Sohaib
Sohaib

Reputation: 4704

Most effective way to use group function in another column

I have a query that looks something like this:

SELECT COUNT(DISTINCT A) as a_distinct,
       COUNT(DISTINCT B) as b_distinct,
       COUNT(DISTINCT A)/COUNT(DISTINCT B) as a_b_ratio
FROM
       sometable_ab

As we can see this looks very inefficient as aggregate functions are run twice even though they have been calculated. I could only think of one solution to the problem that is breaking it into two queries. Is that the only probably solution. Or is their a better more efficient solution that could be done. I am using Redshift DB which mostly uses postgresql but a solution with even MYSQL would be acceptable as I cannot think of a way in any DB to do this efficiently.

Upvotes: 2

Views: 67

Answers (2)

Erwin Brandstetter
Erwin Brandstetter

Reputation: 658302

Using a subquery still counts as one query for any RDBMS. More importantly, count() never returns NULL, but 0 if no row is found (or no non-null value for the given expression in any row). This would lead you straight into a division by zero exception. Fix it with NULLIF (also standard SQL). You'll get NULL in this case.
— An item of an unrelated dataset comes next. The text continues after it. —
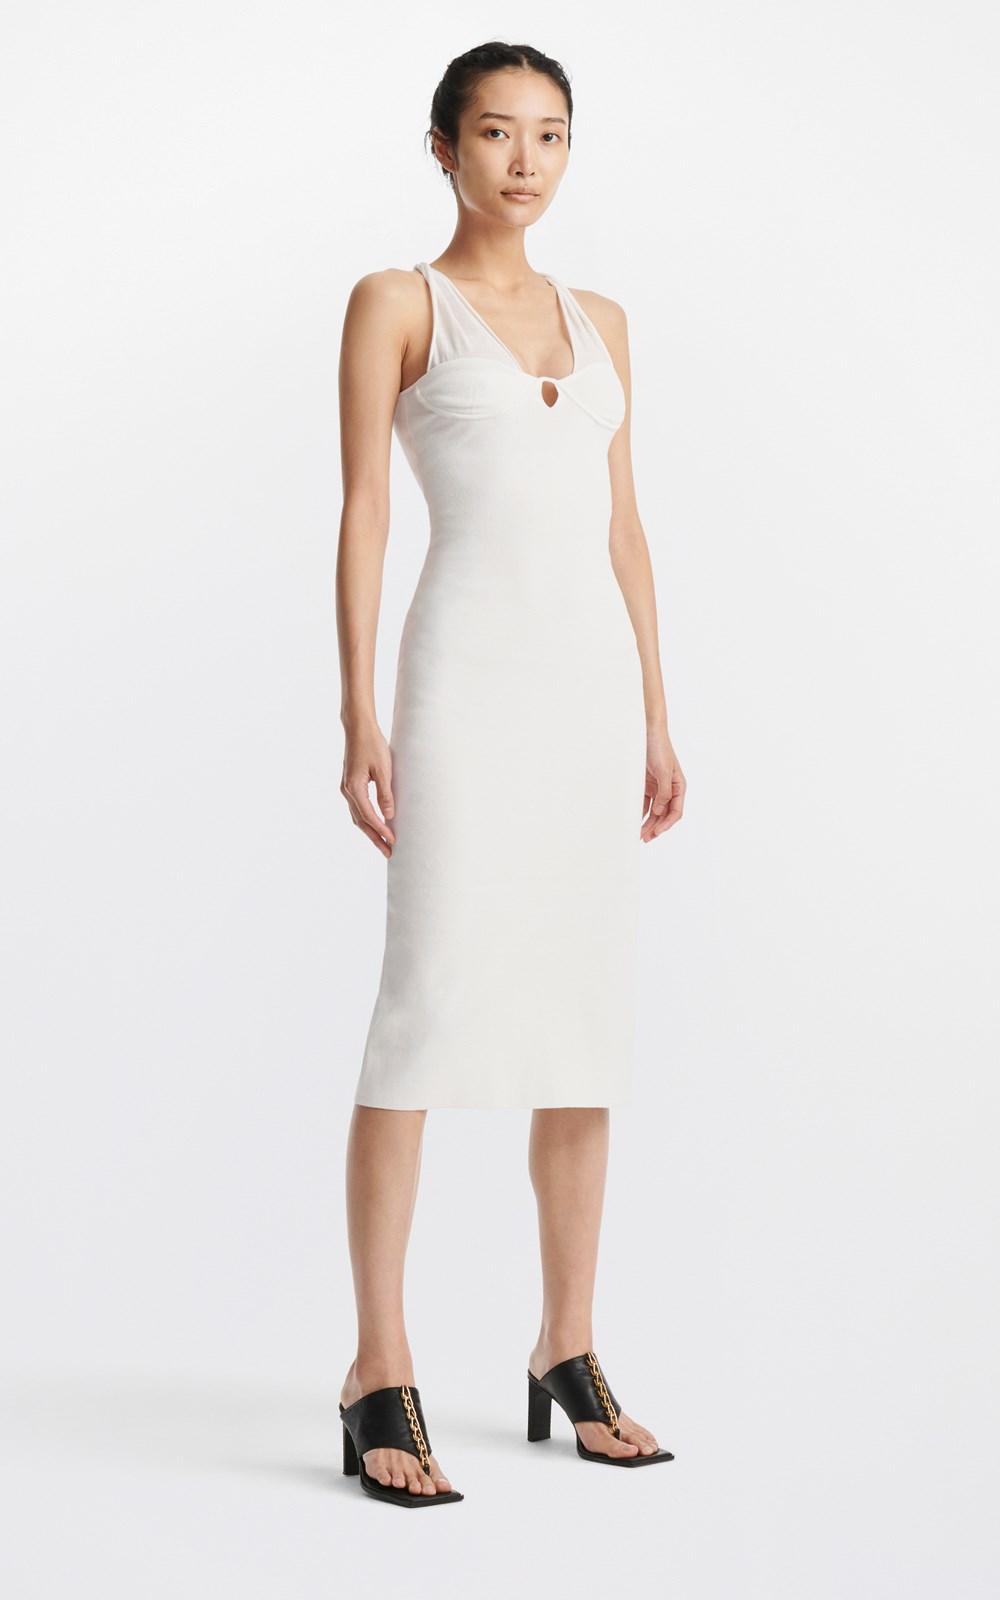 Dresses | COTTON TUBE TWIST DRESS

SELECT *, a_distinct / NULLIF(b_distinct, 0) AS a_b_ratio
FROM (
   SELECT count(DISTINCT a) AS a_distinct
        , count(DISTINCT b) AS b_distinct
   FROM   sometable_ab
   ) sub;

Upvotes: 0

Gordon Linoff
Gordon Linoff

Reputation: 1270713

If you are worried about the performance impact, just use a subquery:

SELECT a_distinct, b_distinct, a_distinct / b_distinct as a_b_ratio
FROM (SELECT COUNT(DISTINCT A) as a_distinct,
             COUNT(DISTINCT B) as b_distinct
      FROM sometable_ab
     ) ab

For most aggregation functions, this would be irrelevant, but count(distinct) can be a performance hog.

This is ANSI standard SQL and should work in any database you mention.

Upvotes: 3

Related Questions